Re: [PATCH v3 3/7] merge: do not abort early if one strategy fails to handle the merge

Ævar Arnfjörð Bjarmason <avarab@xxxxxxxxx> · Tue, 26 Jul 2022 08:54:29 +0200

On Mon, Jul 25 2022, Elijah Newren wrote:

> On Mon, Jul 25, 2022 at 4:06 AM Ævar Arnfjörð Bjarmason
> <avarab@xxxxxxxxx> wrote:
>>
> [...]
>>
>> I'm re-rolling ab/leak-check, and came up with the below (at the very
>> end) to "fix" a report in builtin/merge.c, reading your commit message
>> your fix seems obviously better.
>>
>> Mine's early WIP, and I e.g. didn't notice that I forgot to unlock the
>> &lock file, which is correct.
>>
>> I *could* say "that's not my problem", i.e. we didn't unlock it before
>> (we rely on atexit). The truth is I just missed it, but having said that
>> it *is* true that we could do without it, or do it as a separate chaneg.
>>
>> I'm just posting my version below to help move yours forward, i.e. to
>> show that someone else has carefully at least this part.
>
> "has carefully ... at least this part" ?
>
> I think you have a missing verb there.

"reviewed", sorry.

>> But it is worth noting from staring at the two that your version is
>> mixing several different behavior changes into one, which *could* be
>> split up (but whether you think that's worth it I leave to you).
>>
>> Maybe I'm the only one initially confused by it, and that's probably
>> just from being mentally biased towards my own "solution". Those are (at
>> least):
>>
>>  1. Before we didn't explicitly unlock() before exit(), but had atexit()
>>     do it, that could be a one-line first commit.

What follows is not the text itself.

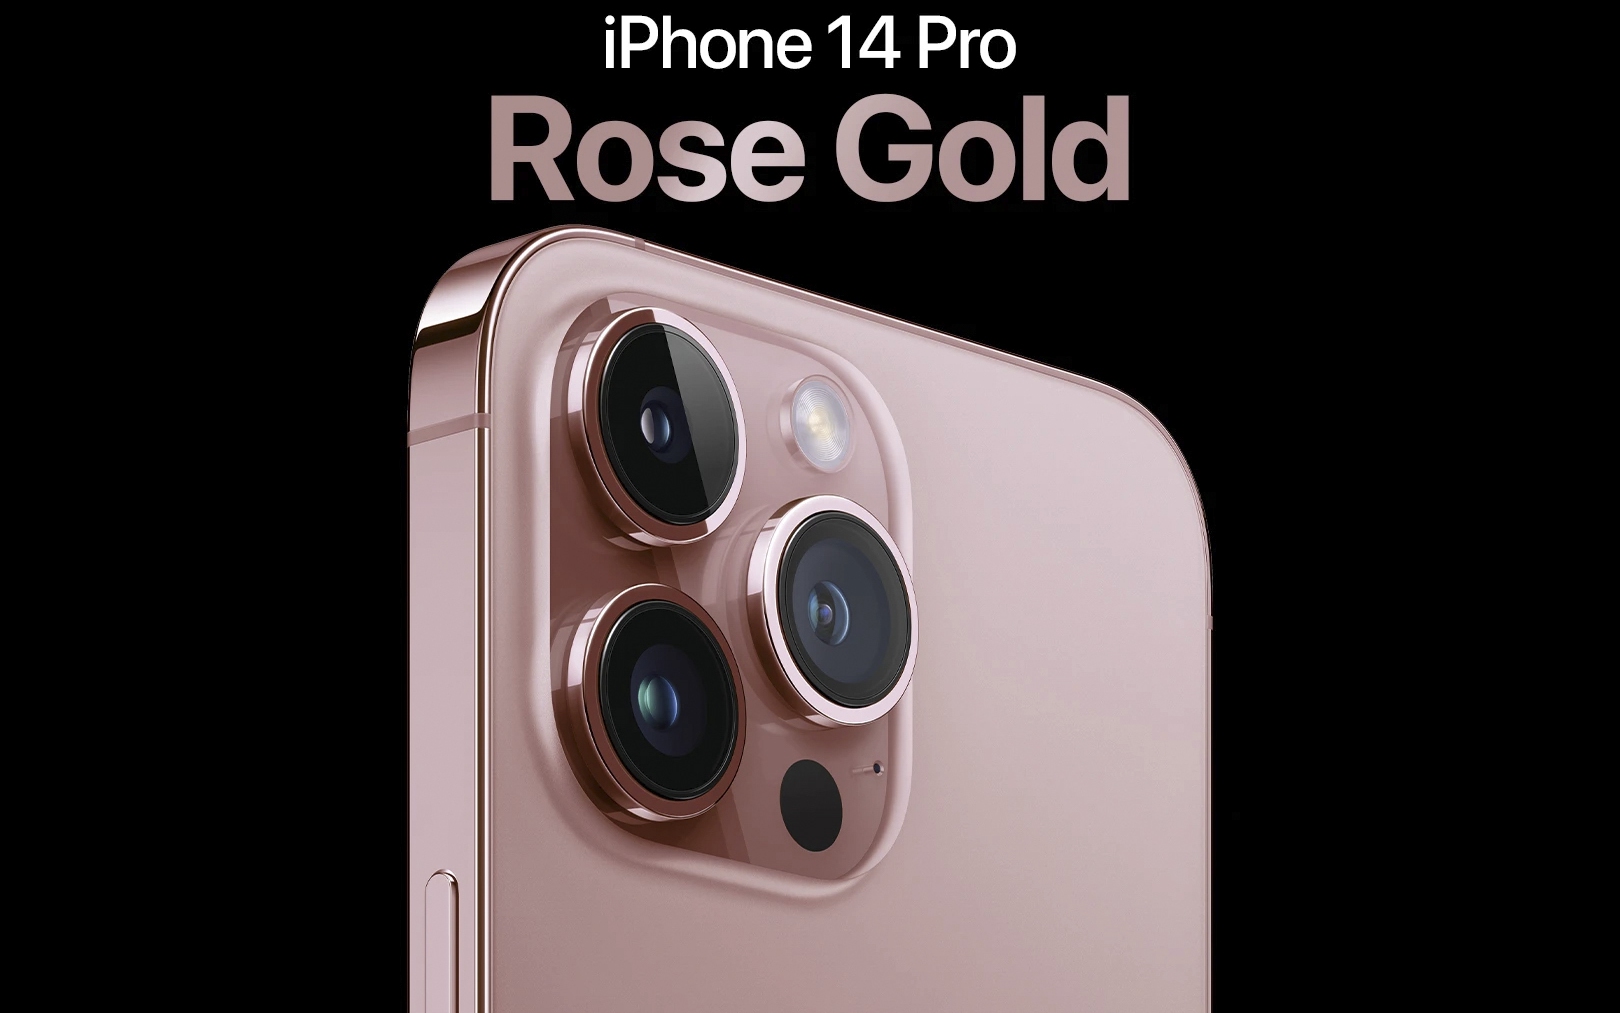 Bạn có yêu thích màu hồng và tím? Vậy thì phiên bản iPhone 14 Pro màu hồng và tím sẽ khiến bạn cảm thấy yêu thích nó ngay lập tức. Hãy xem hình ảnh và cảm nhận sự đẳng cấp và sang trọng từ phiên bản iPhone 14 Pro này.

This change is
>>     obviously good.
>
> That'd be fine.  (Though at this point, I'd rather not mess with the
> series more.)

That's completely fine, to be clear(er) what I'm walking through here is
my review process & potential edge cases I discovered, but I think your
patch as-is does it all correctly.

>>  2. A commit like mine could come next, i.e. we bug-for-bug do what we
>>     do do now, but just run the "post-builtin" logic when we return from
>>     cmd_merge().
>>
>>     Doing it as an in-between would be some churn, as we'll need to get
>>     rid of "early_exit" again, but would allow us to incrementally move
>>     forward to...
>
> So, add a step that makes it glaringly obvious that the code is not
> only buggy but totally at odds with itself?
>
> builtin/merge.c was designed to allow pluggable backends and to
> automatically pick the "best" one if more than one is specified.  We
> had a bug in one line of code that defeated the design, by making it
> not bother consulting beyond the first failed backend in some cases.
> That's the bug I'm trying to address.  Your patch would make the
> inconsistency with the design both bigger and more obvious; I don't
> see how it's a useful step to take.
>
> Now, the existing design might be questionable.  In fact, I'm not sure
> I like it.  But I think we should either change the design, or fix
> things in a way that improves towards the existing design.

Yes, I don't think it's useful, sorry about the confusion. I was walking
through what the observable changes from the outside are here, and how
they *might* be split up.

Not as a practical suggestion, but as a way to understand your commit...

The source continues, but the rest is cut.